We have successfully used the following protocol to map neuropeptides in
Drosophila and Lucilia nervous systems.  Contact us directly for further
advice.
Cheers,
Eric Hines
Microscopy Centre
CSIRO Entomology
Canberra.


HINES, E.R., BROOKS, E.M., SUTHERLAND, T., and EAST, P.D. (1992).
Immunocytochemical Characterization by Confocal Laser Scanning Microscopy
of FMRFamide-like Neuropeptides in Lucilia and Drosophila. J.
Computer-Assisted Micros (Sept 1992).
DUVE, H., THORPE, A., SCOTT, A., JOHNSEN, H., REHFELD, J. F., HINES. E. and
EAST,P.(1995).  The sulfakinins of the blowfly Calliphora vomitoria.
Peptide isolation, gene cloning and expression studies.  Eur. J. Biochem.
232:633-640.


Ab Staining of Drosophila and Lucilia Tissue

Hines/East after Patel


# Dissect under PBS in large plastic petri dish pre-rinsed with PBT to
prevent adhesion.(Transfer to fix with forceps)

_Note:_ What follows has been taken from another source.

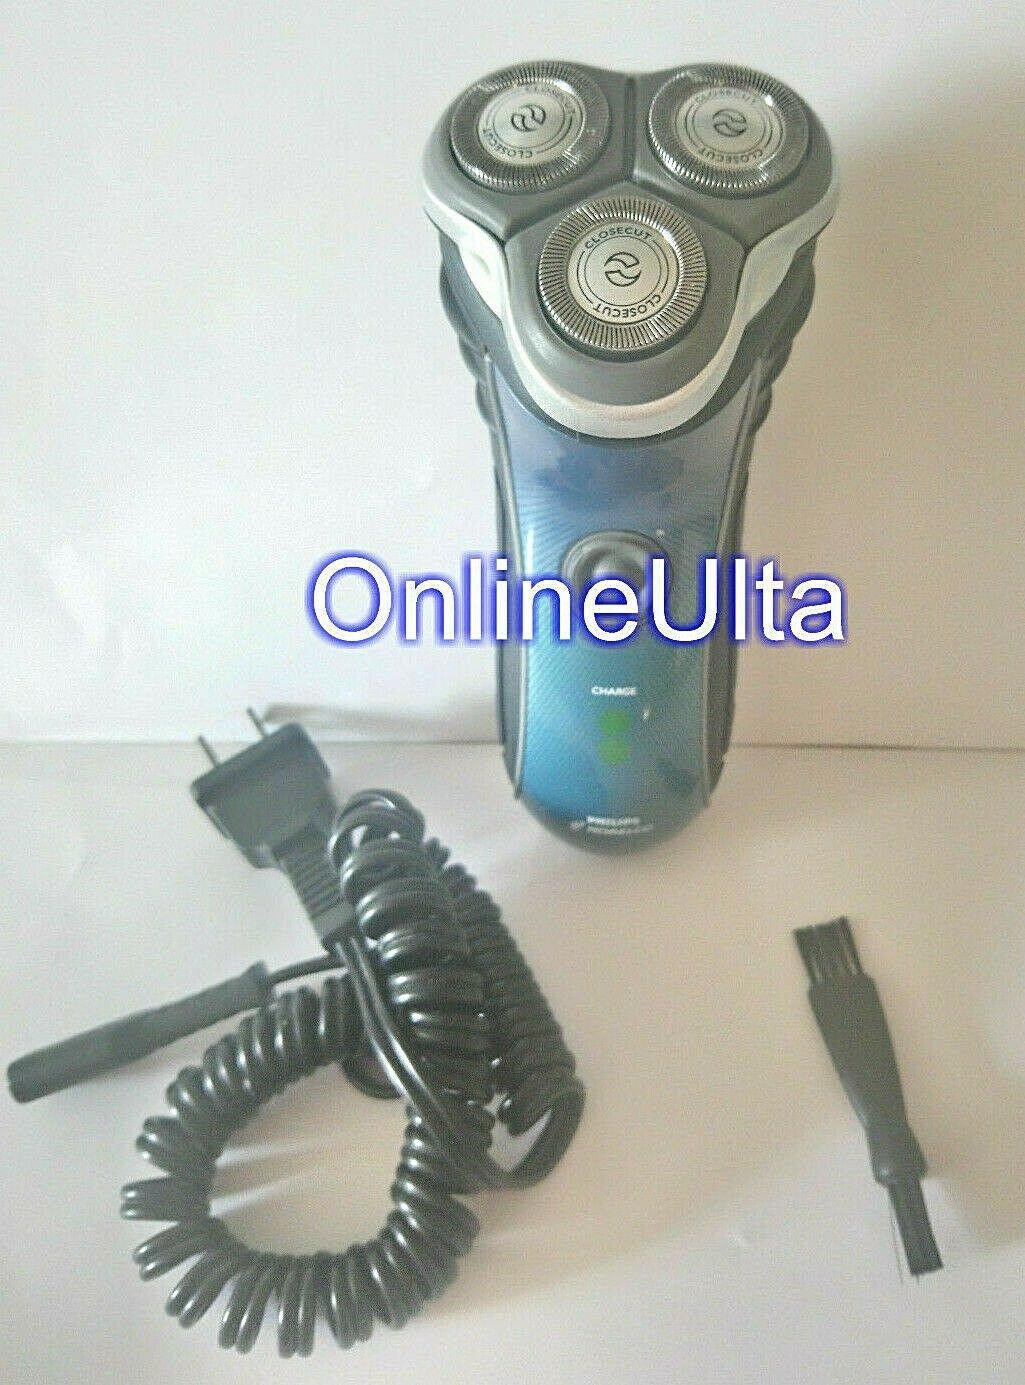 Philips Norelco 7340XL Quadra Action Men's Shaver trimmer corded Close cut

# Fix in 4% paraformaldehyde in PBS or PO4 with 170mM NaCl at r.t./15
mins.(In plastic petri dish pre-rinsed with PBT. Transfer to screw-top
scintillation vials with pre-rinsed pipette. Allow brains or embryos to
settle for 5 mins before pipetting)

#Wash 2x 5 mins in PBS to wash out paraformaldehyde (keep vials upright,
spin by hand to mix)

#Permeablize by either

Detergent Treatment
60 mins PBT

or

 Methanol Treatment
5 mins 70% MeOH in PBS
60 mins 100% MeOH in PBS
5 mins 70% MeOH in PBS
2x5 mins PBS


#Wash 2x 5 mins in PBT (vials upright - hand spin)

#Incubate 30 mins in 100ml of PBT + N (vials upright on shaker)

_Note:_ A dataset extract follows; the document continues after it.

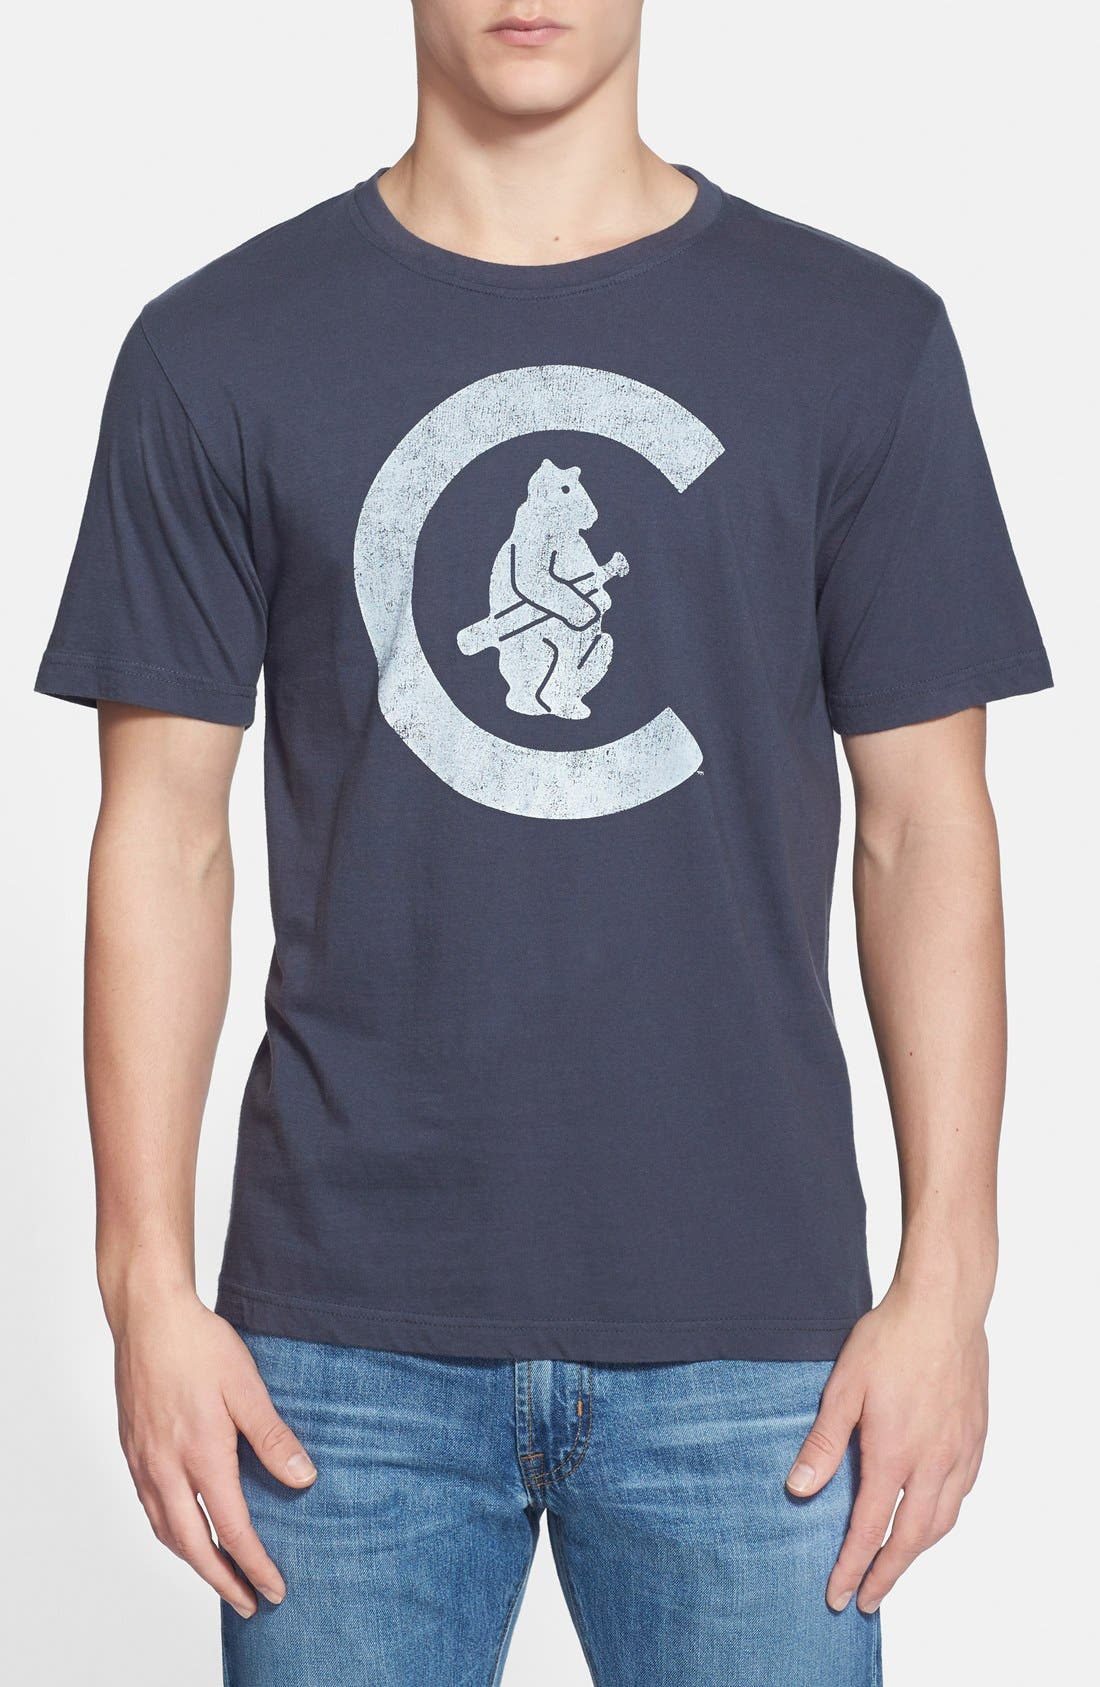 Red Jacket 'Chicago Cubs - Brass Tacks' T-Shirt

#Add 100ml 1o Ab supernatant. Incubate 2 hrs at 20oC plus o'night at 4oC,
i.e. a 1 : 1 dilution of 1o Ab. (Use manufacturers recommended final
dilution. Vials upright. Incubation time can be extended up to 3 days of
12hrs r.t./12hrs 4oC)

#Wash 3x 5mins in PBT  (vials upright, hand spin)

#Wash 2x 45mins in PBT (vials upright on shaker)

#Incubate 30mins in 100ml of PBT + N (vials upright, hand spin)

#Add 100ml 2o Ab goat anti rabbit/mouse FITC conjugated. Dilution should be
in PBT + N (remember we have 1:1 dilution plus Ab dilution)

#Incubate at room temp for 2hrs plus overnight at 4oC

#Wash 3x 5mins in PBT (vials upright, hand spin)

#Wash 4x 30mins in PBT (caps wetted, vials filled, complete inversion)

#Rinse 3x 5 mins in PBS

#Clear tissue in glycerol or methyl salicylate after dehydration. (place
embryo/brain into 50% glycerol for 2hrs then 70% glycerol overnight )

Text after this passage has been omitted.